» **WHAT THIS TASK INVOLVES**:
Return the listing below exactly as it stands. Pictures stay out.

======== EXERCISE DATA ========

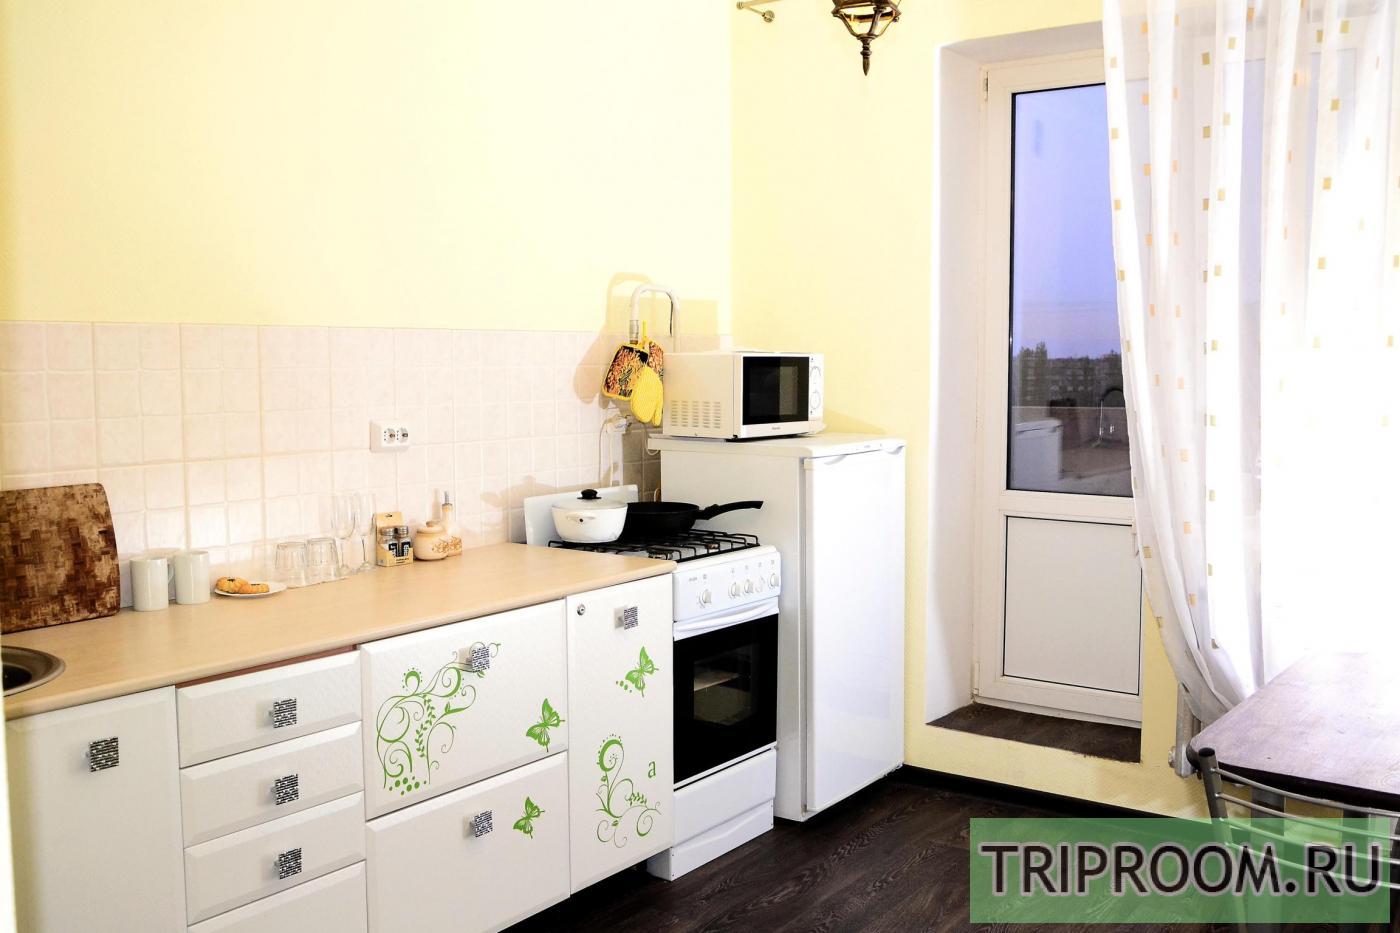 1-комнатная квартира посуточно (вариант № 14713), ул. Петра Смородина улица, фото № 18
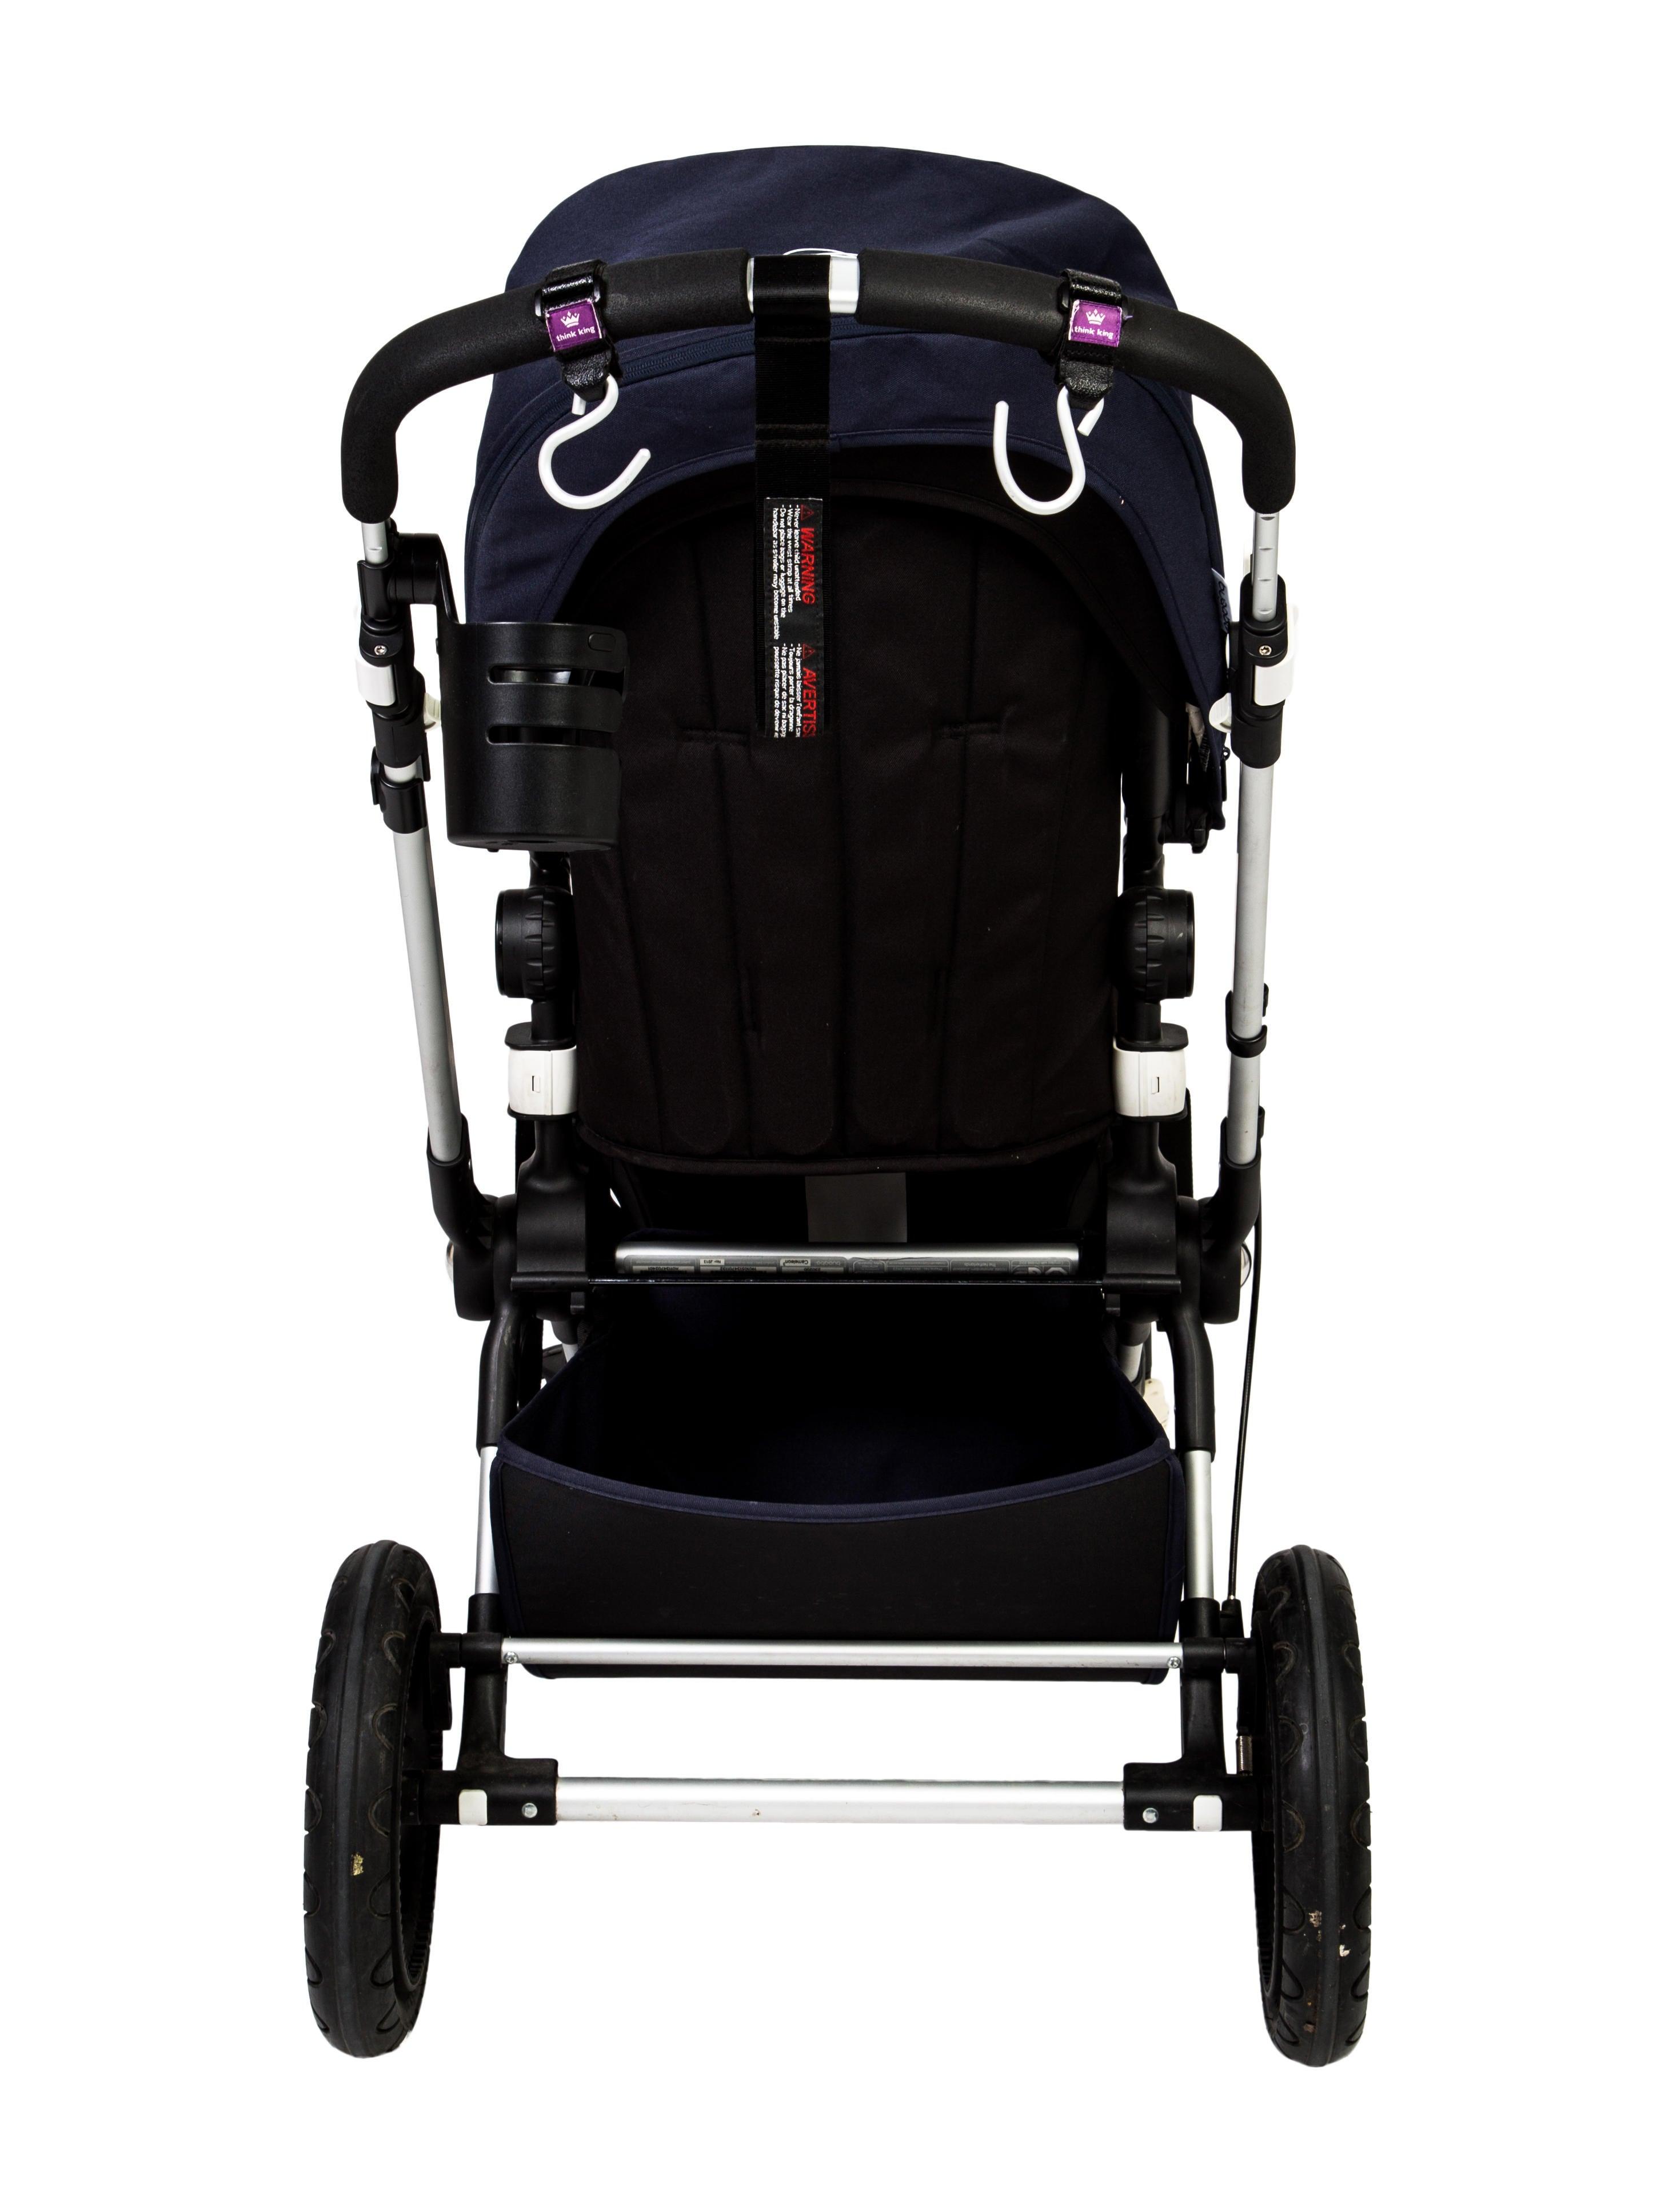 Bugaboo Cameleon 3 Stroller & Accessories - Kids Furniture ...
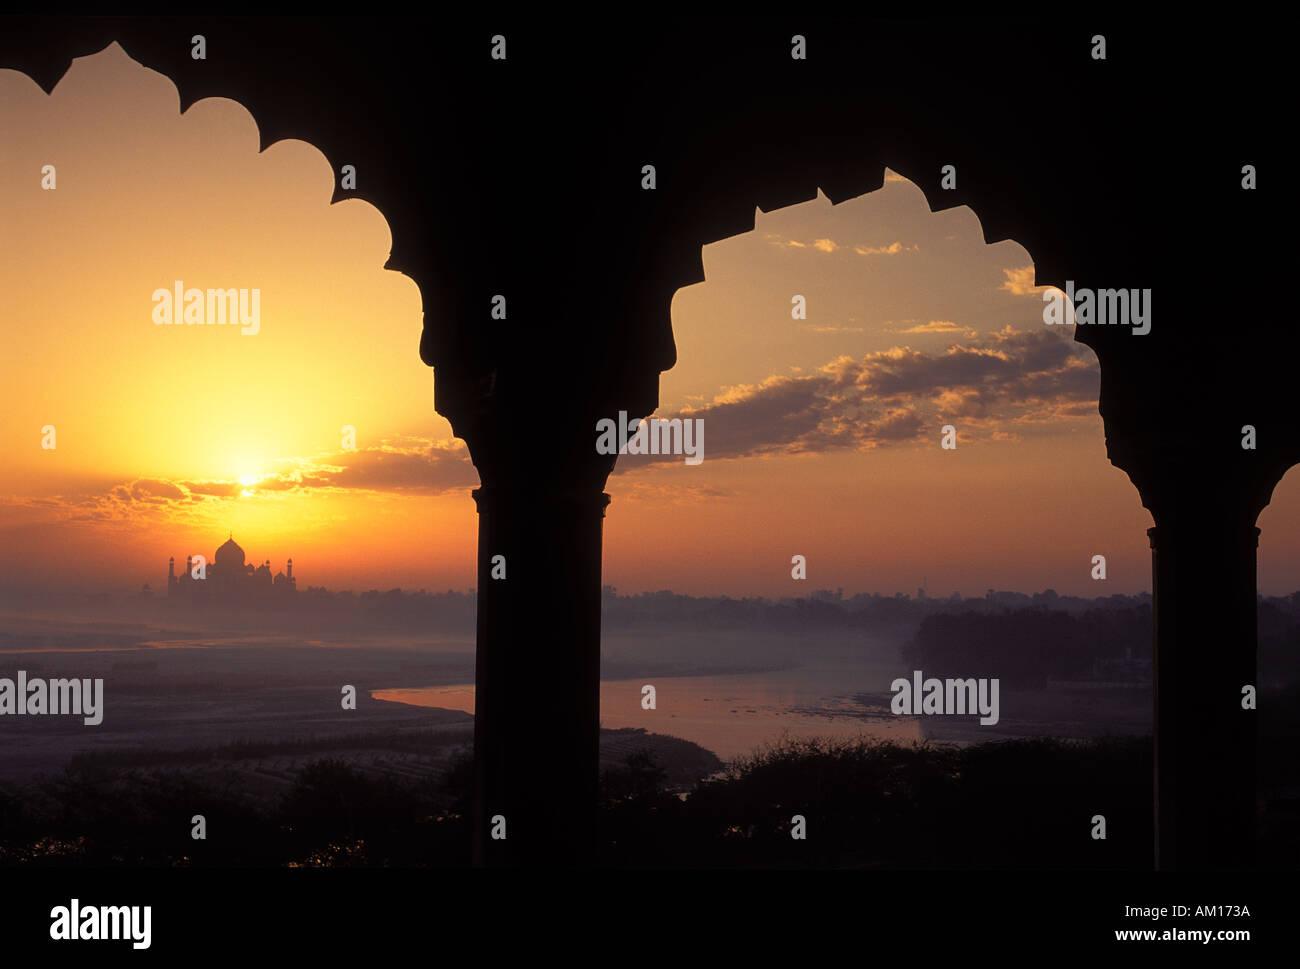 Amanecer en el Taj Mahal de Agra Fort Agra India Foto de stock

========

» **RESPONSE TO THIS TASK**:
 1-комнатная квартира посуточно (вариант № 14713), ул. Петра Смородина улица, фото № 18
 Bugaboo Cameleon 3 Stroller & Accessories - Kids Furniture ...
 Amanecer en el Taj Mahal de Agra Fort Agra India Foto de stock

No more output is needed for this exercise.